* **Goal of the exercise**: Below is a block of entries; repeat exactly the lines starting at the line that contains "MBC Kierspe Logo 2" and ending at the line that contains "Bareminerals Original Loose", both included.

* **Records for the task**:
※ ※ ※

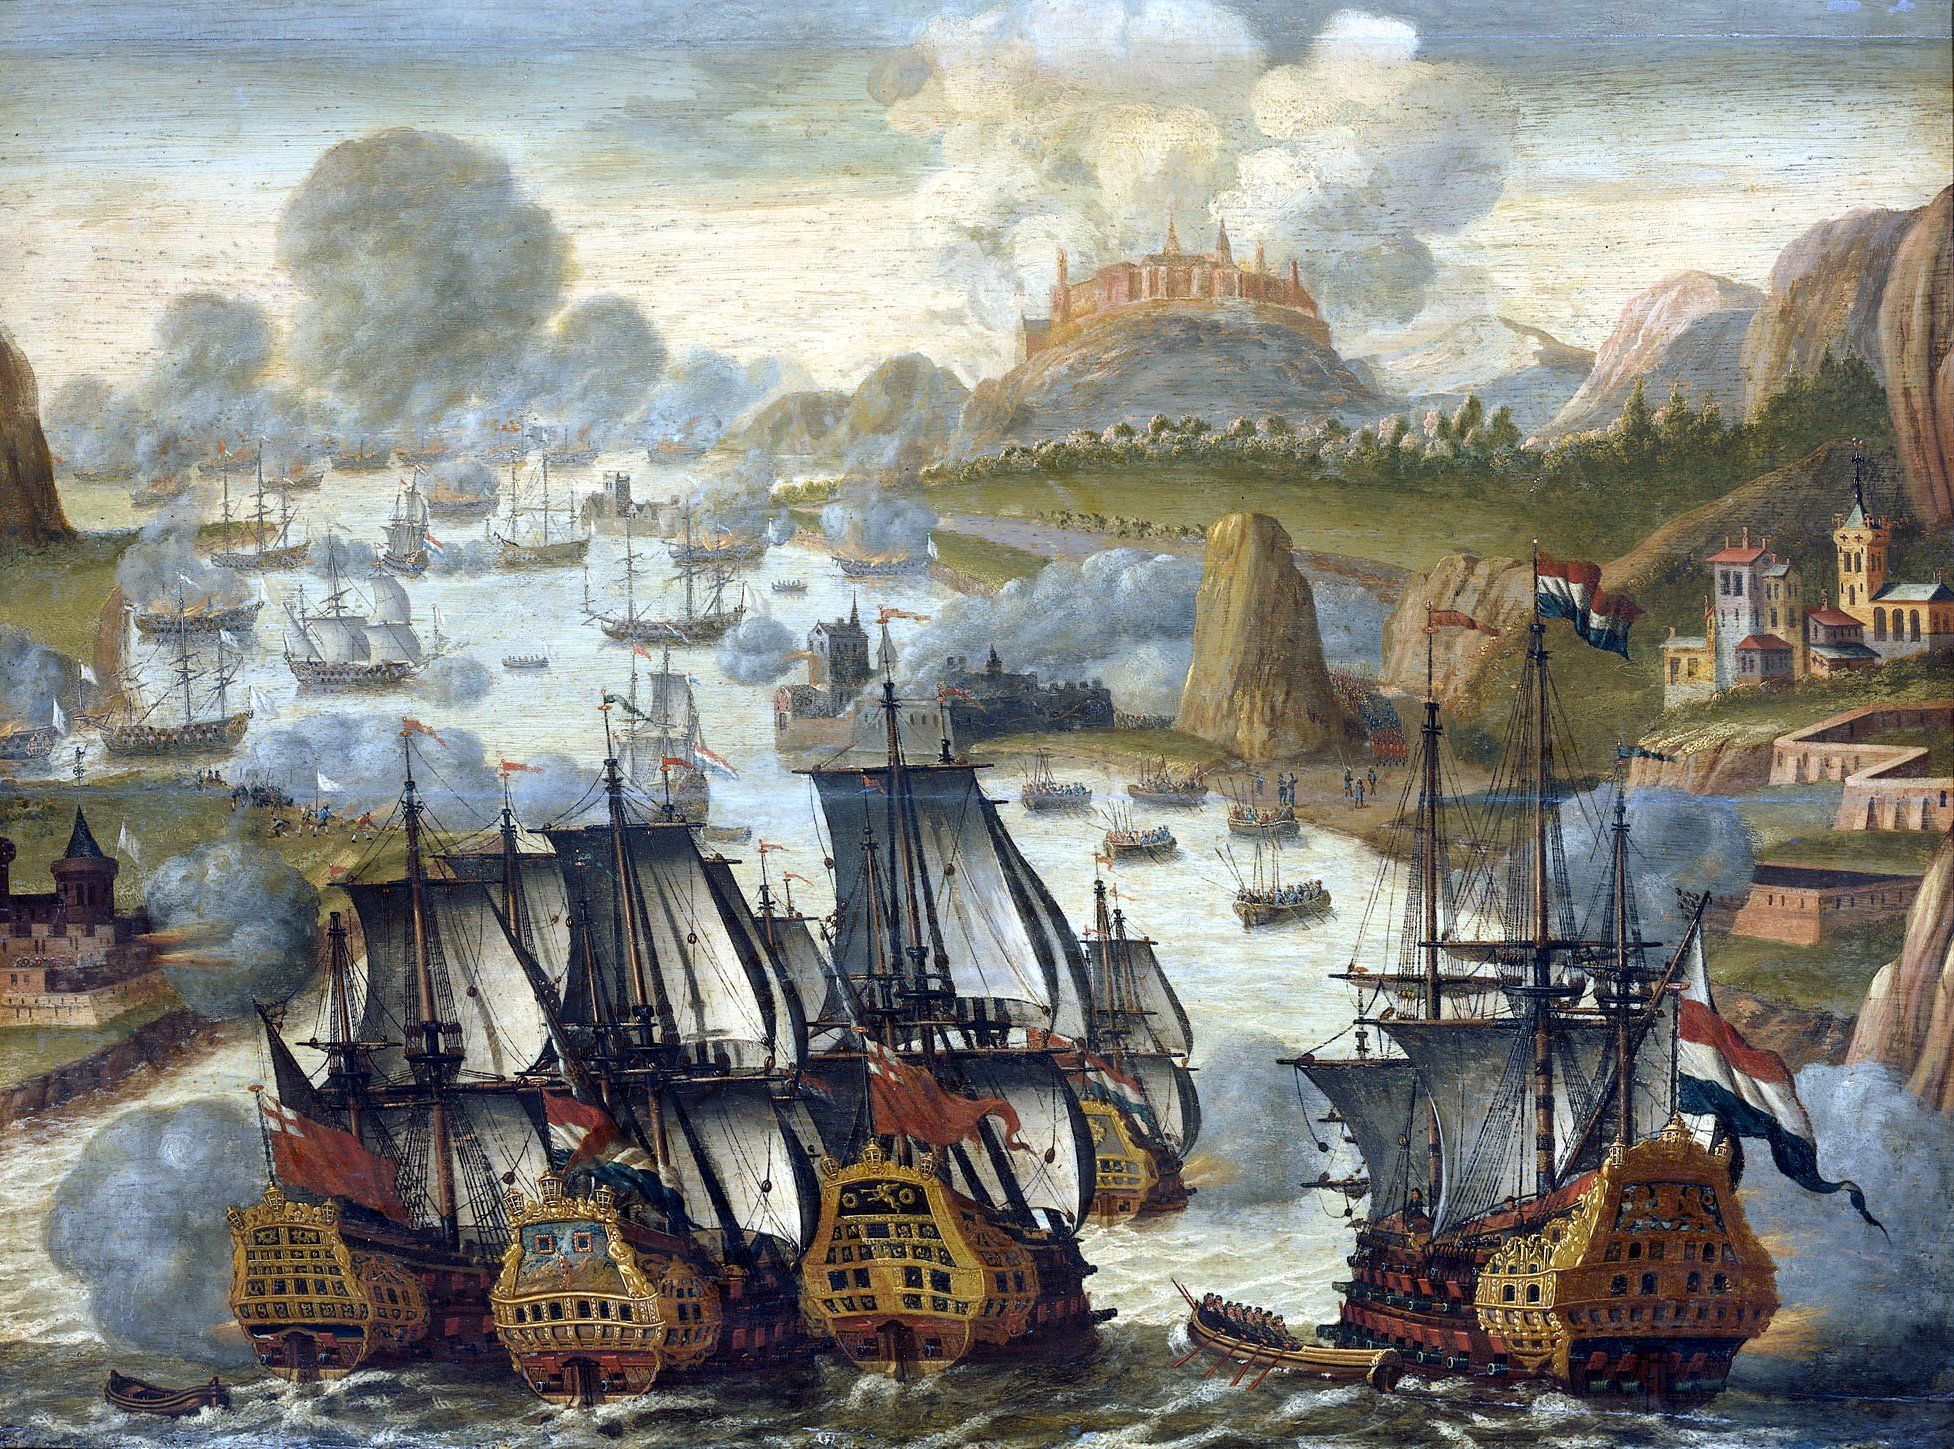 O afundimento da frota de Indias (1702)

※ ※ ※

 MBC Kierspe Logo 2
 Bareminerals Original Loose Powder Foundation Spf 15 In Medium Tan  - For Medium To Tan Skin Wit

※ ※ ※

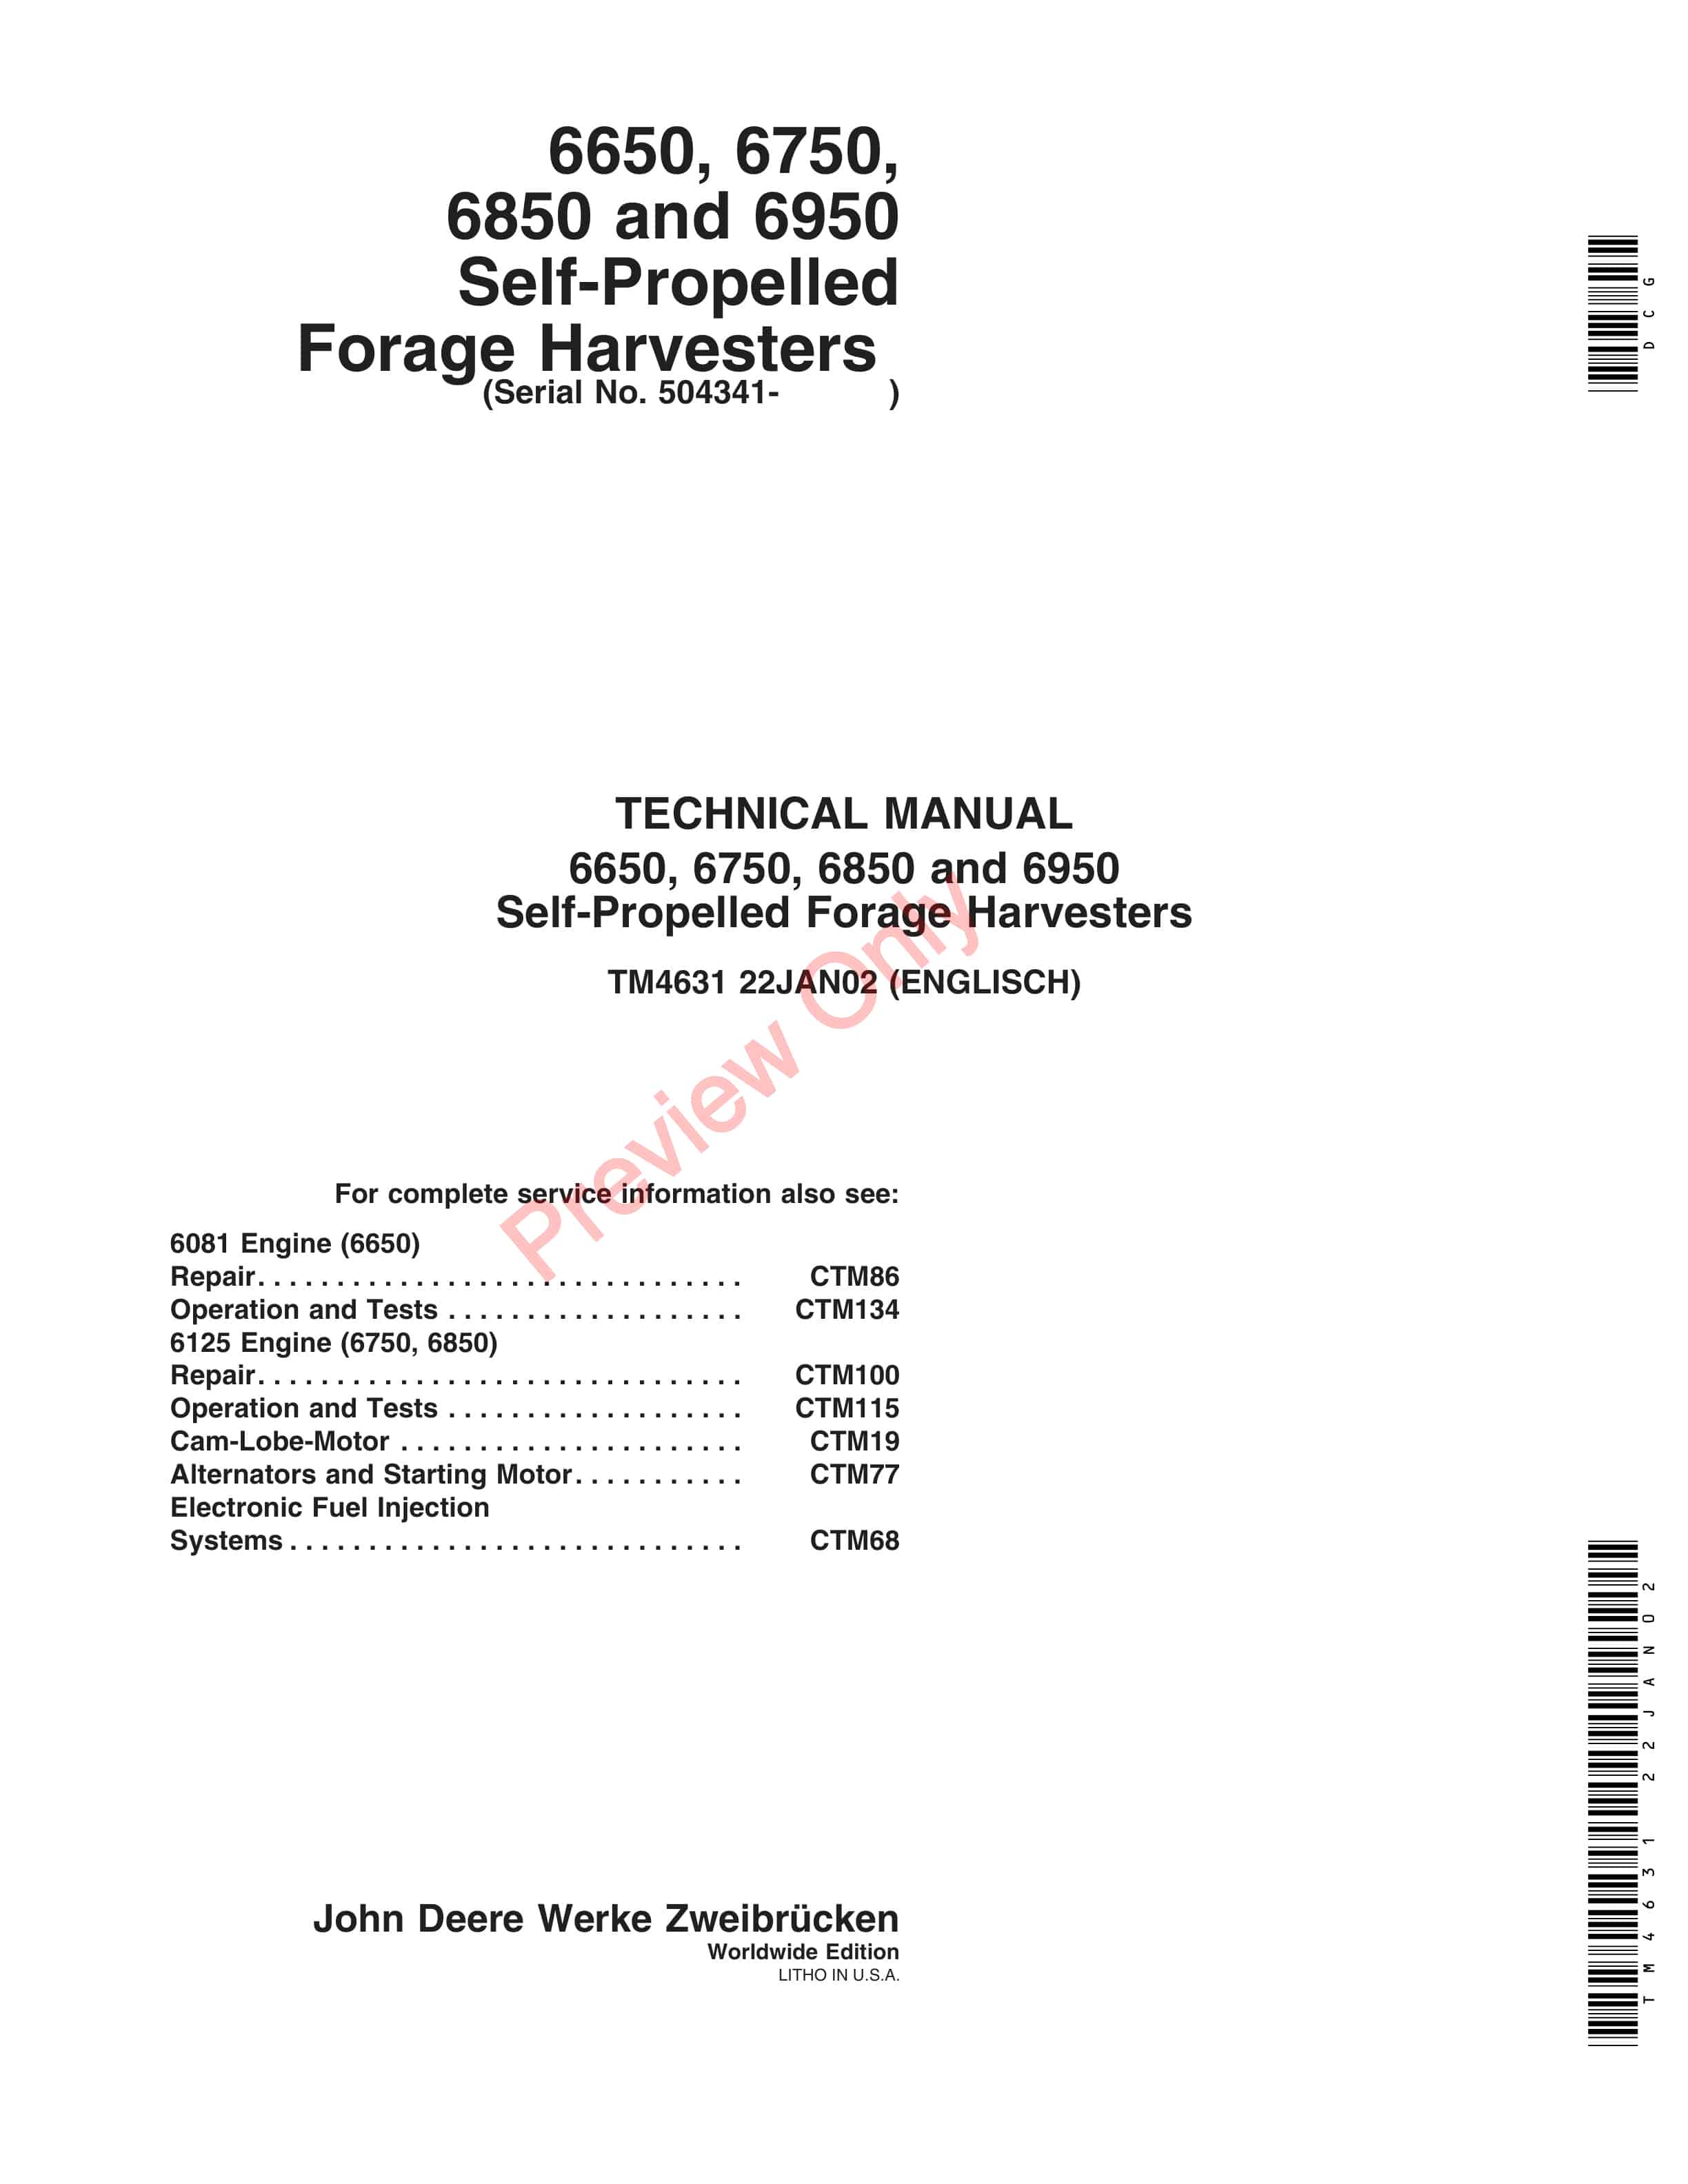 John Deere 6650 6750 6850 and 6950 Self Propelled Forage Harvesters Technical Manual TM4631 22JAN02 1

※ ※ ※

* **Response box**:
 MBC Kierspe Logo 2
 Bareminerals Original Loose Powder Foundation Spf 15 In Medium Tan  - For Medium To Tan Skin Wit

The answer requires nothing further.